The Wall Street Journal-20080202-With Starbucks- Investors Need Patience

来自我不喜欢考试-知识库
跳转到: 导航, 搜索

Return to: The_Wall_Street_Journal-20080202

With Starbucks, Investors Need Patience

Full Text (839  words)

Investors looking to cash in on a turnaround at Starbucks Corp. shouldn't expect results soon.

Wall Street cheered the return of coffee pioneer Howard Schultz as chief executive last month, bidding up the company's battered stock price, which had slid nearly 50% during the previous year. But investors looking for a bargain should proceed gingerly.

Everyday investors can get tempted by once-hot brand names that look cheap. Many don't realize how long it can take to right the ship, and how rocky the sailing can be during that time. Companies like Gap Inc. and Home Depot Inc. have spent several years trying to get back on track after losing their way, and their stocks have sputtered.

At Starbucks, investors are concerned that Mr. Schultz's turnaround plans are going to unfold slowly and vaguely. When he took over last month, Mr. Schultz pledged to give more details of his strategy when the company reported earnings on Jan. 30. Instead, he ended up taking away some critical metrics that investors use to gauge the stock by saying that Starbucks would no longer disclose same-store sales and that the company's long-term earnings guidance would be put on hold.

What is particularly tricky about handicapping a Starbucks turnaround is that the company has built its brand on something intangible: an upscale aura for coffee, a product that had long been a commodity. Getting that aura back isn't something investors can easily quantify.

"There are no quick-fix solutions," Mr. Schultz said in an interview. "It will take time."

Investors who follow the coffee giant know this already. But what individual investors may be overlooking is just how bad things could get during the turnaround, and just how little visibility they will have as to the company's progress.

Consumer spending remains under pressure from weak housing prices, and Starbucks faces increasing competition from, among others, McDonald's Corp., which plans to start selling espresso drinks -- Starbucks's signature product -- at U.S. stores this year.

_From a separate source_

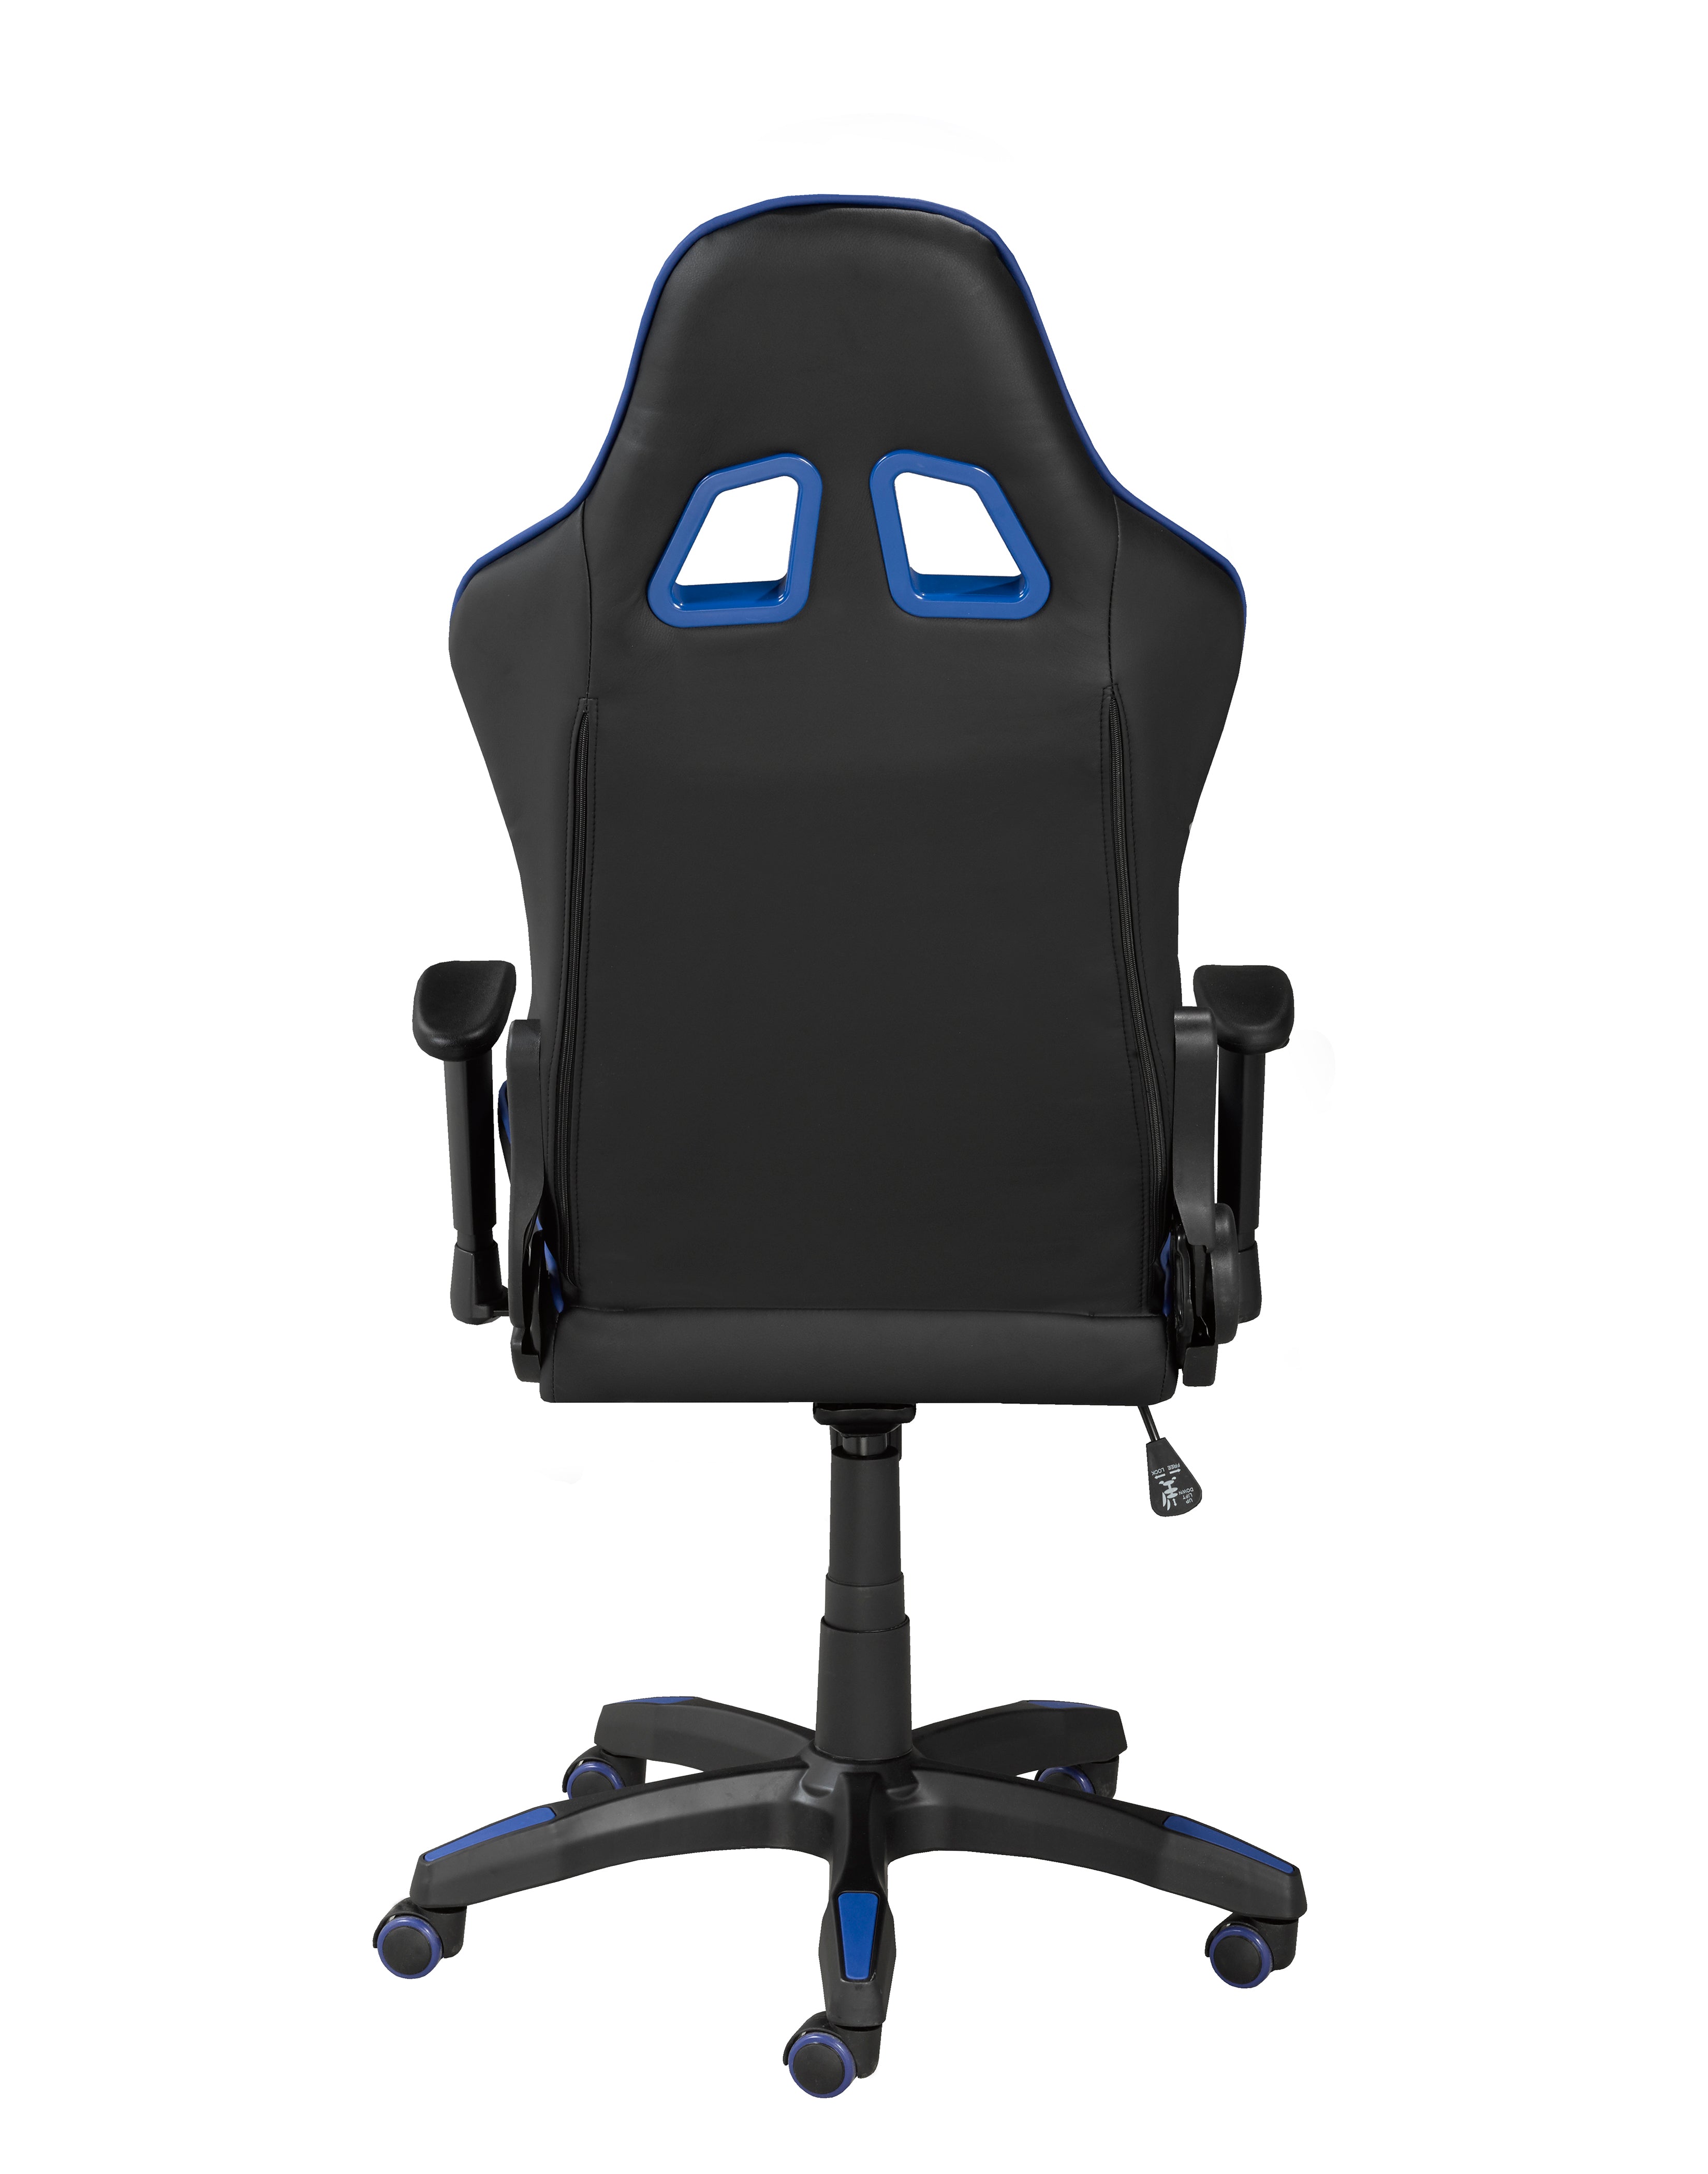 Blue Office Chair - 5100-BL

Mr. Schultz tried to reassure investors Wednesday by promising more turnaround details at the company's March annual meeting, including five of what Mr. Schultz called "consumer-facing initiatives." Past annual meetings have been scant on investor news, instead showcasing Starbucks's new music artists with live performances from stars like Tony Bennett.

Goldman Sachs analyst Steven Kron had expected Starbucks to take the money it saved from cutting new store growth and buy back stock. But on Wednesday, the company said some of those savings will be offset by spending on new innovation.

Mr. Kron, who has a "neutral" rating on the stock and whose firm owns shares in and does banking for Starbucks, predicts the shares, which closed up 1.6% at $19.22 Friday on the Nasdaq Stock Market, could trade as low as $17 a share in the near term. Starbucks stock trades at 18.5 times estimated per-share earnings for 2008, according to Thomson Financial.

UBS analyst David Palmer, who has a "buy" rating on Starbucks, said he expects it may be summer before investors see sales pick up meaningfully, and that the real test will be how strong Starbucks's new line of summer drinks is. "The danger is that the multiple can compress somewhat from here . . . if these initiatives don't resonate with investors," says Mr. Palmer, whose firm provides investment- banking services to Starbucks.

Mr. Schultz's decision to refocus Starbucks on its customers also should benefit the company in the long term. But it also means that the company will remove some of the levers that have historically driven the stock. For instance, the company's hot breakfast sandwiches, which Mr. Schultz said the company would remove from stores this year, were adding $35,000 a year in sales to each store that sold them. Mr. Schultz warned investors the change could slow sales growth. "We realize that embracing the status quo isn't going to be the road that we travel," he said.

Some investors have drawn parallels between Starbucks and McDonald's. The hamburger chain staged a swift turnaround five years ago by cutting back on expansion so it could fix its existing restaurants. But Starbucks's strategy is shaping up differently. While McDonald's all but stopped building new locations, Starbucks still plans to add more than 2,000 outlets this year. McDonald's also overhauled its marketing and redirected its massive advertising budget toward a crisper message to win back customers.

Starbucks was one of the first major consumer brands to be built using word of mouth -- and there are few precedents for how to resurrect a tarnished brand that was built that way.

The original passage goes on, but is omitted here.